Наверху на своем письменном столе он обнаружил три письма и небольшую квадратную коробку с ярлычком магазина в Санта-Фе. В коробке был узкий расшитый ремень из кожи ящерицы, с серебряной пряжкой в форме X. Записка, приложенная к нему, гласила:
«Потерял твоего Платона по дороге на почту. Надеюсь, это поможет тебе примириться с утратой. Чарли».
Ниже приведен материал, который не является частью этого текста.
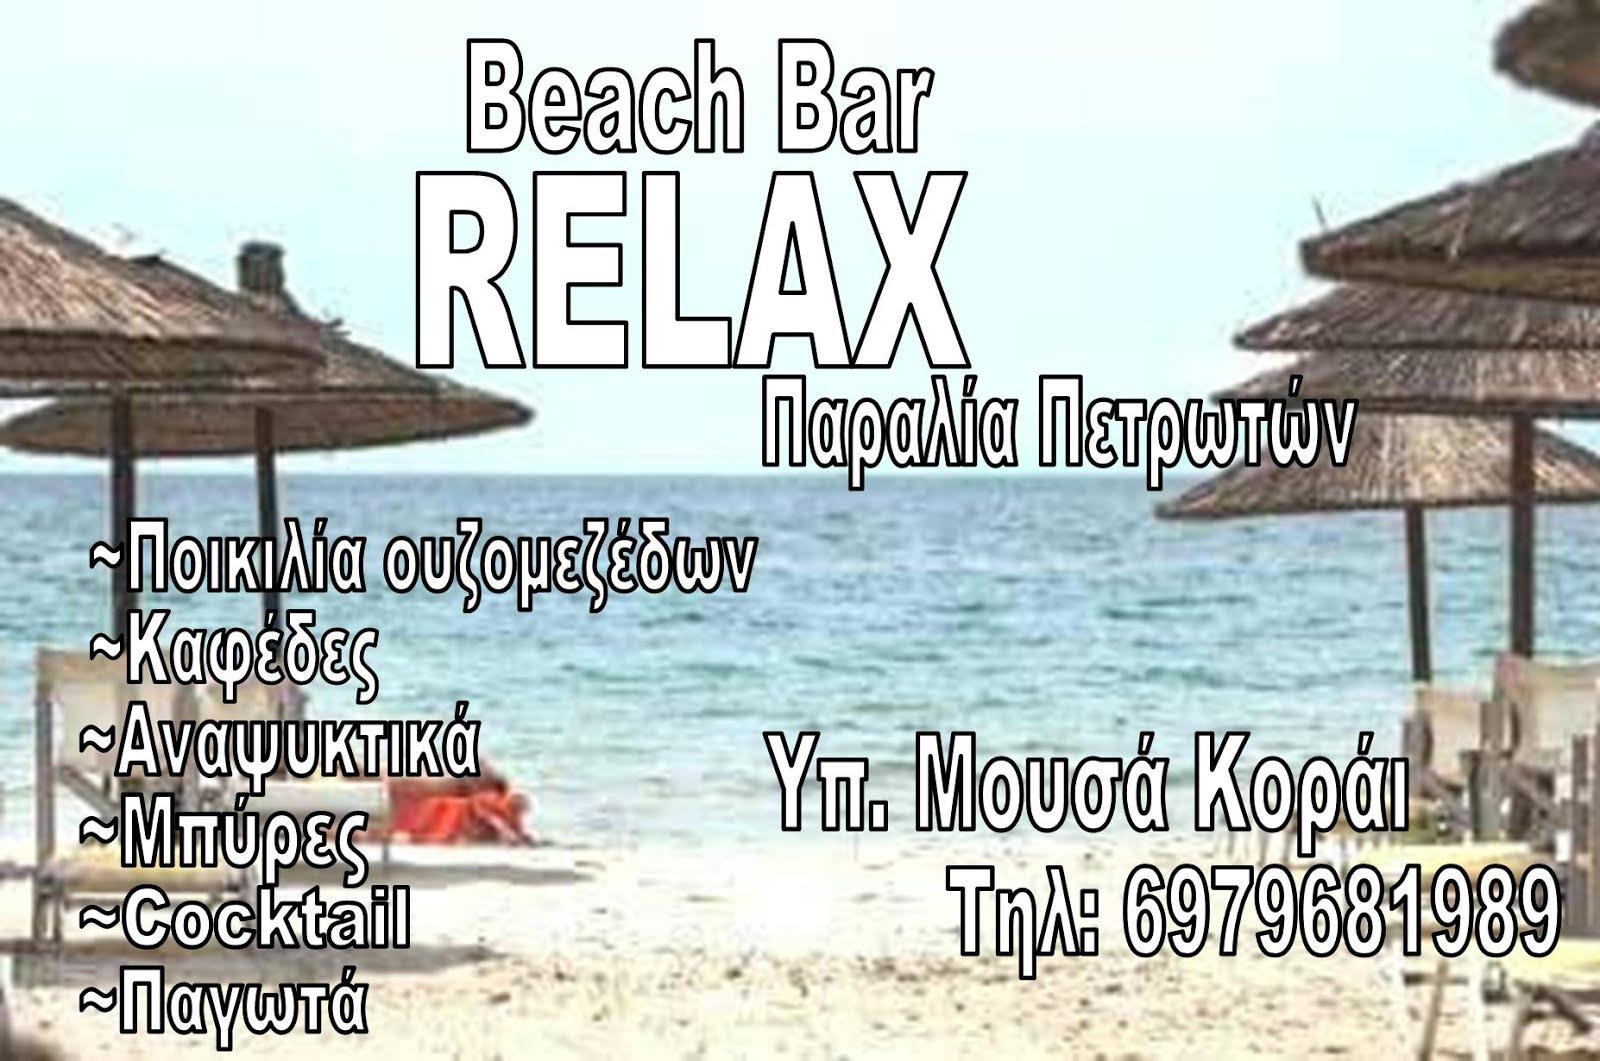 BEACH BAR RELAX

Гай взял надписанный карандашом конверт, посланный из гостиницы в Санта-Фе. Внутри находилась лишь маленькая визитная карточка. На чистой ее стороне было напечатано:
«Чудный город Меткалф».
Перевернув карточку, он машинально прочел:
«24 часа в сутки
таксопарк Донована
в дождь и в вёдро
тел 2-33-33.
Быстро. Безопасно. Вежливо».
На чистой стороне под напечатанными словами что-то было стерто. Гай поднес карточку к свету и разобрал одно имя: Джинни.
Карточка таксопарка в Меткалфе, но отправленная из Санта-Фе. Это еще ничего не значит, ничего не доказывает, подумалось Гаю. Но он затолкал и карточку, и конверт, и коробку в мусорное ведро.
Он вдруг осознал, насколько Бруно для него невыносим. Гай открыл коробку в мусорном ведре и сунул туда ремень тоже. Ремень был красивый, но Гай как раз терпеть не мог змеиной кожи и кожи ящериц.
Этим вечером из Мехико позвонила Энн. Она хотела подробностей, и он рассказал все, что знал.
— Кого-нибудь подозревают? — спросила Энн.
— Не похоже.
— Гай, у тебя больной голос. Ты хоть немного отдохнул?
— Нет еще.
Он не мог сейчас рассказать ей о Бруно. Мать передала, что кто-то дважды звонил, спрашивал его, и Гай уже не сомневался в том, кто это был. Но он знал, что не сможет рассказать Энн о Бруно, пока не будет уверен окончательно. Просто не сможет начать.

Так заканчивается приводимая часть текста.